===== AVAILABLE DATA =====

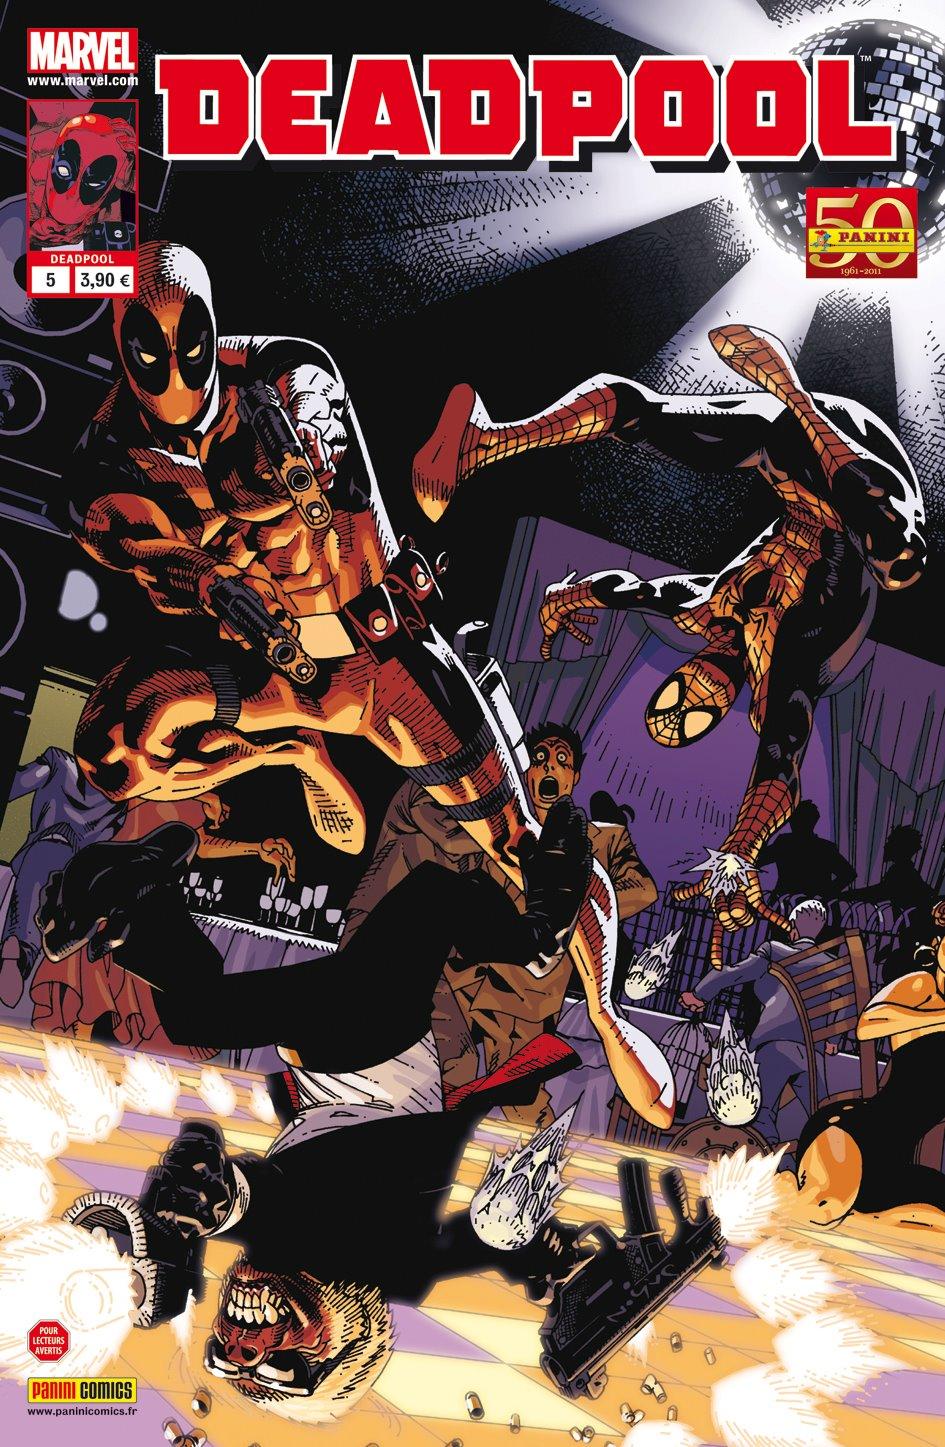 Deadpool (revue) – V 2, T5 : Les crétins rêvent-ils d'inepsies électriques ? (0), comics chez Panini Comics de Way, Huat, Barbieri, Gracia, Pearson
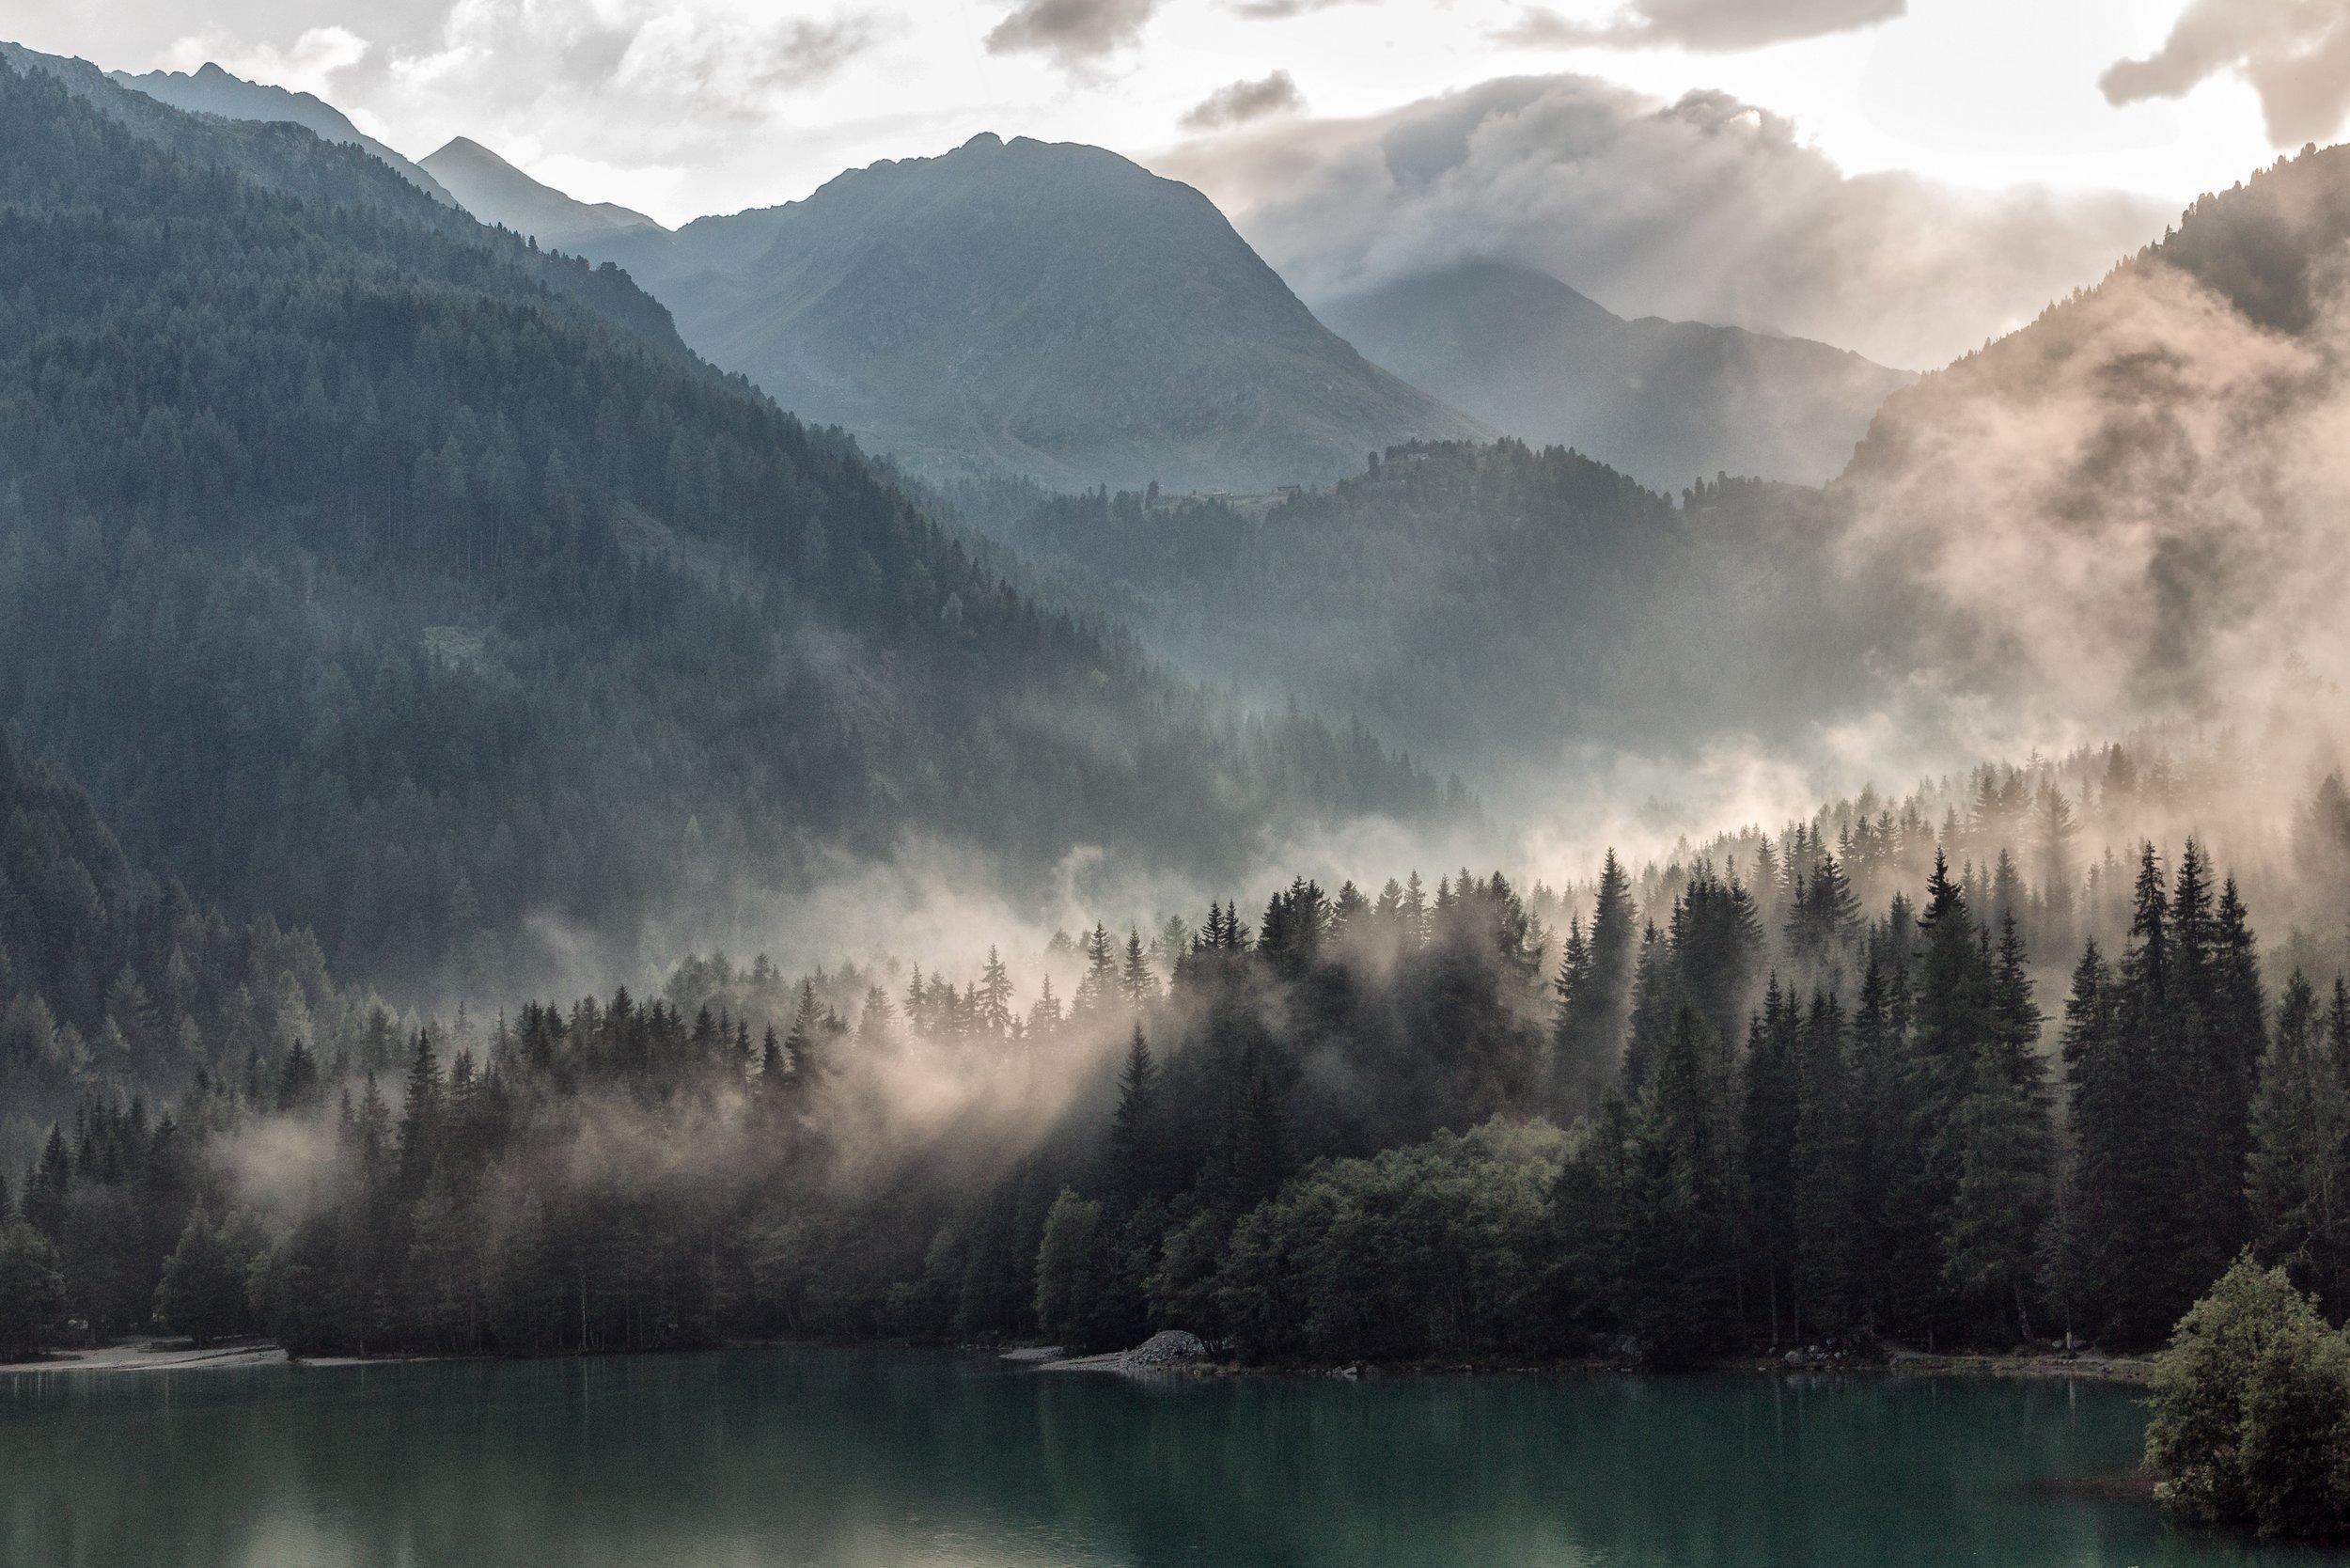 picography-morning-mist-tree-mountains-clouds-eberhard-grossgasteiger.jpg
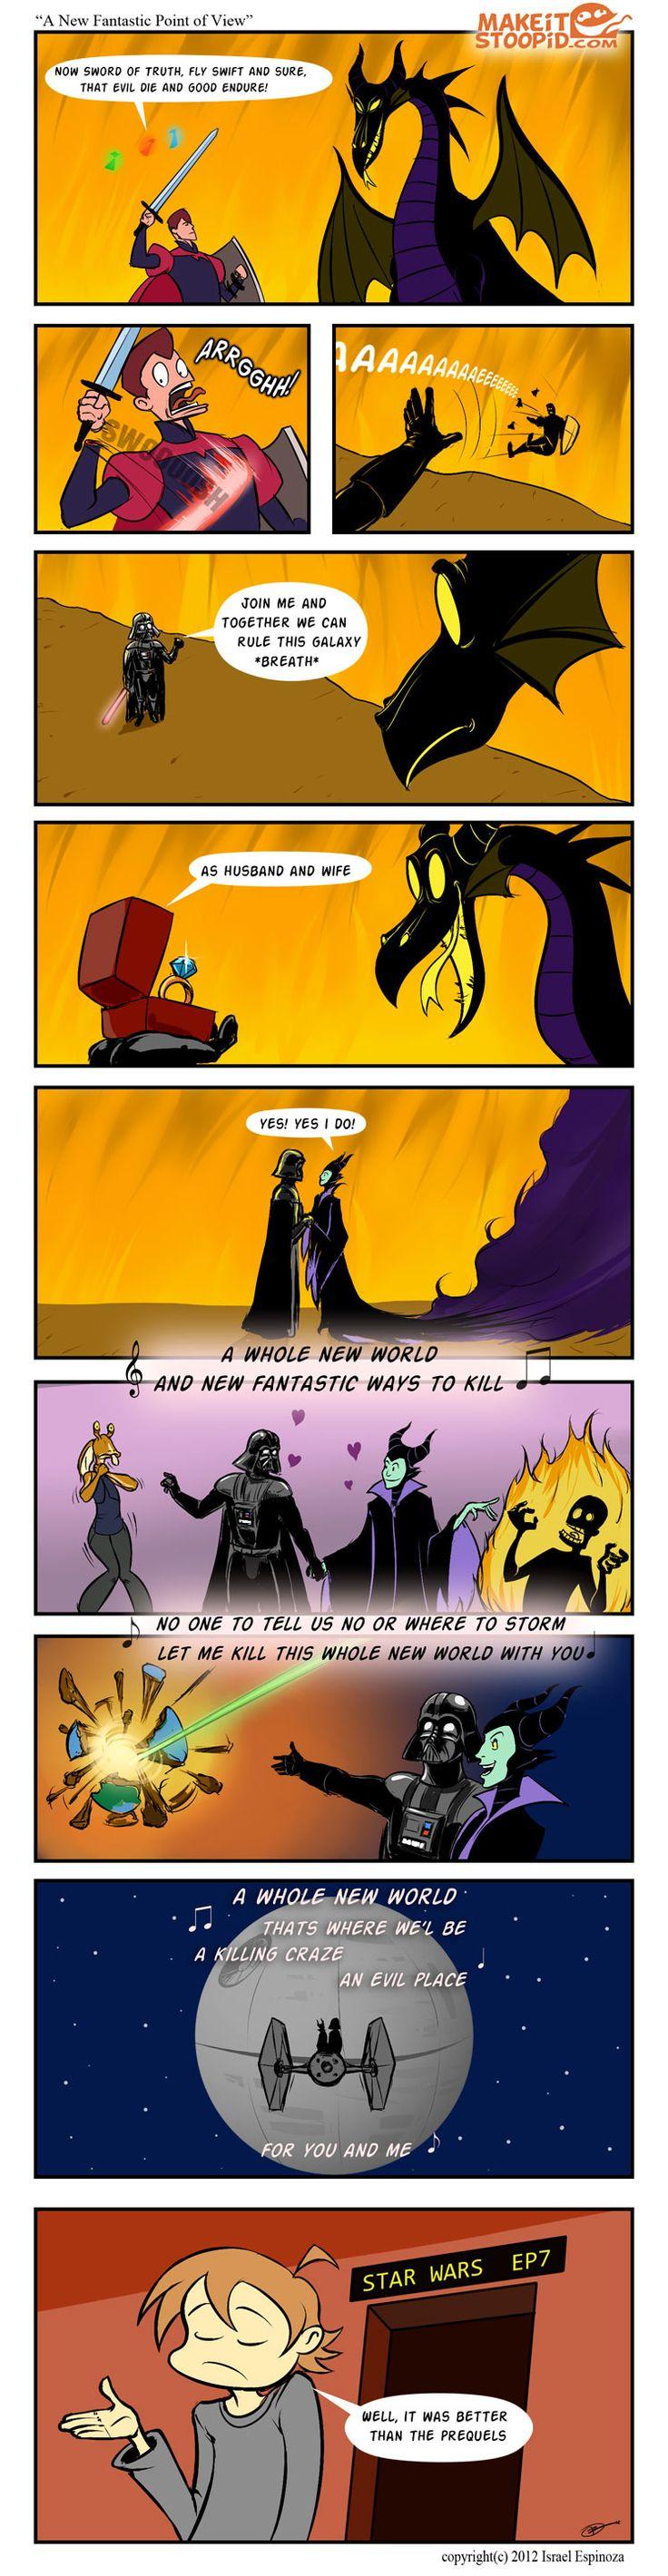 Disney's Star Wars. -D

=====

## TASK INSTRUCTIONS
Output the data above in full. Skip every picture.

## EXERCISE RESPONSE
 Deadpool (revue) – V 2, T5 : Les crétins rêvent-ils d'inepsies électriques ? (0), comics chez Panini Comics de Way, Huat, Barbieri, Gracia, Pearson
 picography-morning-mist-tree-mountains-clouds-eberhard-grossgasteiger.jpg
 Disney's Star Wars. -D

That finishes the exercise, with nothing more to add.